For awhile now, I've been pondering the fact that we are in an age where purchasing an entire album from any given artist is becoming unusual, and the norm is simply downloading the "hit" single. First of all, how does one even know what the "hit" single is, especially with radio becoming more and more insignificant? I assume that the Billboard rankings are determined by the number of downloads a song has (I assume they are just counting legal downloads), but when artist X releases their album, without a DJ, VJ or whoever spinning a certain track, how does the single-buying public know which is the good tune? And, for we fans of the LP (or CD for the middle-agers out there), what becomes of all the other songs that make up the album? Since only the single is downloaded, why even put out an album at all?
(Come On was the flip-side of Joe Jackson's It's Different For Girls. A live track, Jackson's cover of Come On rocked and was in heavy rotation for my friends and me.) |
In the beginning of the CD transition, many of the reissues of back catalogues consisted solely of the tracks contained on the original LP release. It wasn't until the reissue of the CD (which, remember, was itself a reissue of the LP) where, in an effort to entice the record/CD buying public to purchase said album yet again, the "new" CD would come with "bonus tracks," which, often, were those "throwaway" B-sides we obsessive collectors salivated over. Some artists continued to release CD singles, which included an extra song or two, the CD version of the B-side. Pearl Jam, Oasis, U2, to name a few, kept the avid collector gene alive.
(Dylan's Biograph was among the first Box Sets and had a handful of unreleased tracks making it a must have.) |
But generally the reissue CD, and to an even greater extent, the advent of the Box Set [which often not only includes B-sides but also the holy grail of holy grails to fanatic music collectors…unreleased tracks(!)] turns out to be something of a double-edged sword.
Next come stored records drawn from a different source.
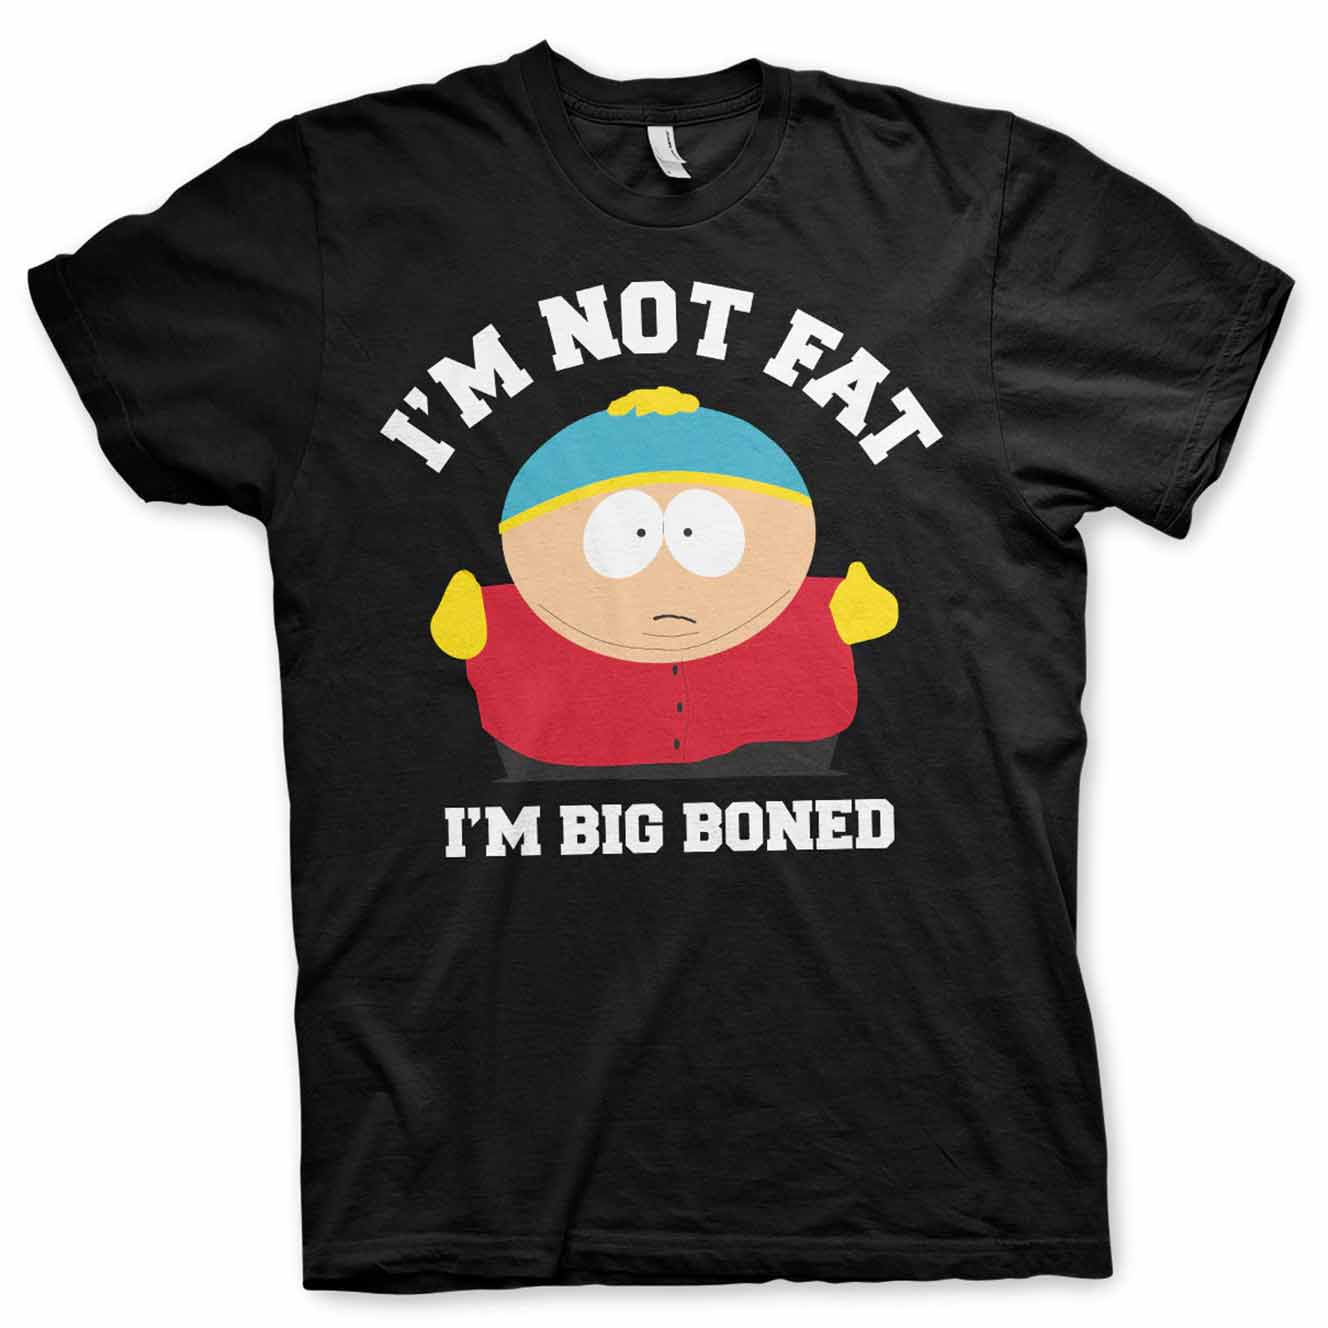 Sort South Park T-shirt med Cartman der siger I'm not fat i'm big boned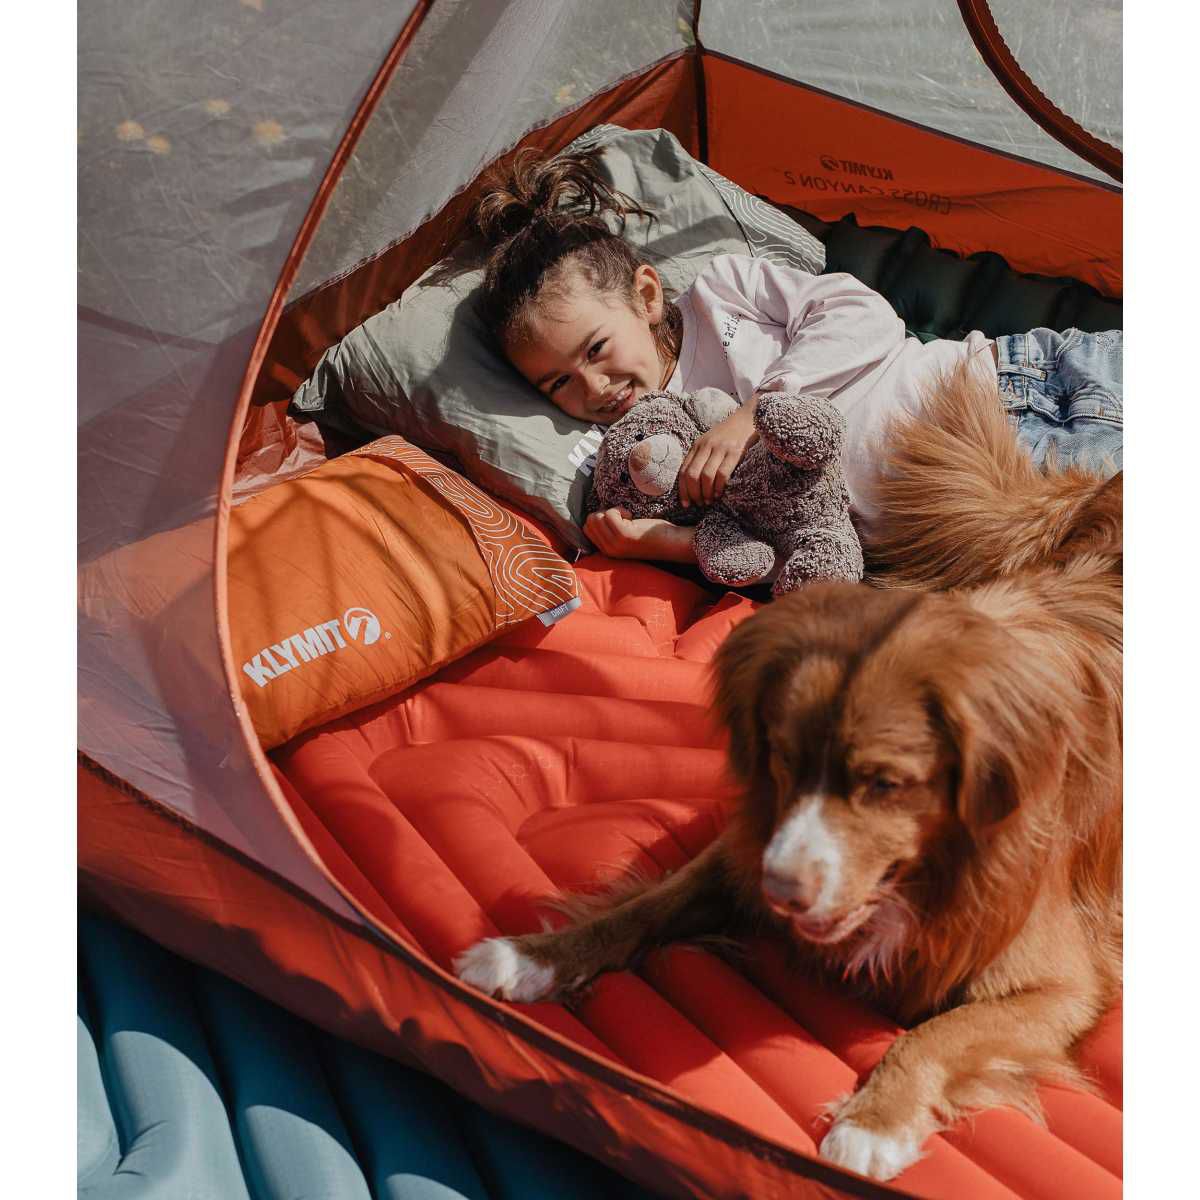 KLYMIT Drift-Pillow Campingkissen REG Orange - 12DROR01C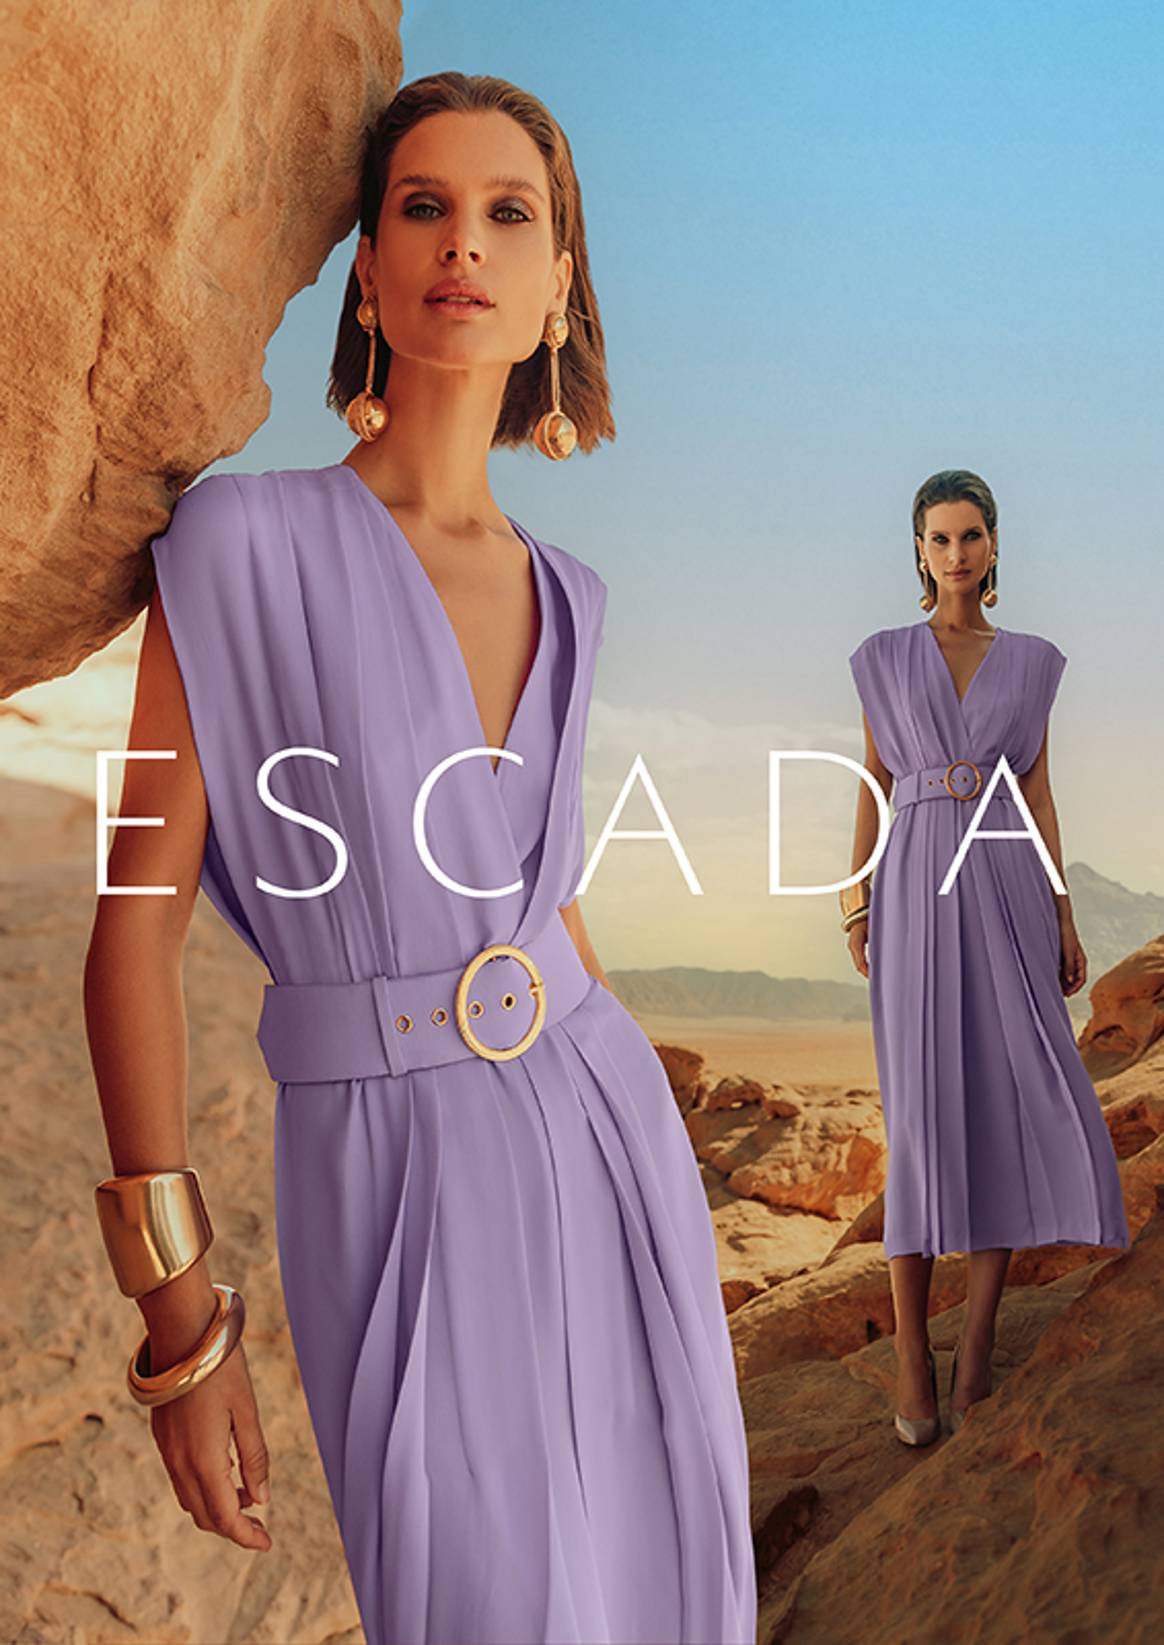 Escada SS23: For endless summer days

Yes, it makes collecting a particular artist's entire catalog amazingly easy; but there in lies the rub. The thrill of the chase is gone.
Sure, true collectors still want the actual physical 45, but the reason for the search to begin with, owning and listening to the rare Led Zeppelin song, is now nothing special. Back in the day, your cachet in High School would be raised exponentially, even with the girls(!), if you had the 45 of Immigrant Song, which I did not, alas. (That cachet inflation, particularly from the girls, didn't apply to having a copy of The Beatles' Lady Madonna, which had the illusive The Inner Light as it's B-side. That one I did have.)
But now, if one so desires, B-sides and "rarities" can be had with a click. With the download generation, B-sides and "rarities" pretty much become things of the past. And with the pattern being the downloading of specific songs rather than entire albums, maybe the album itself is becoming a thing of the past.
But who knows?
One such flip side, which we listened to quite a bit, was from the band The Police. Guitarist Andy Summers often had his--shall we say, unusual--songs relegated to the B-side, and that was the case with his song Friends, the flip side of Don't Stand So Close Yo Me.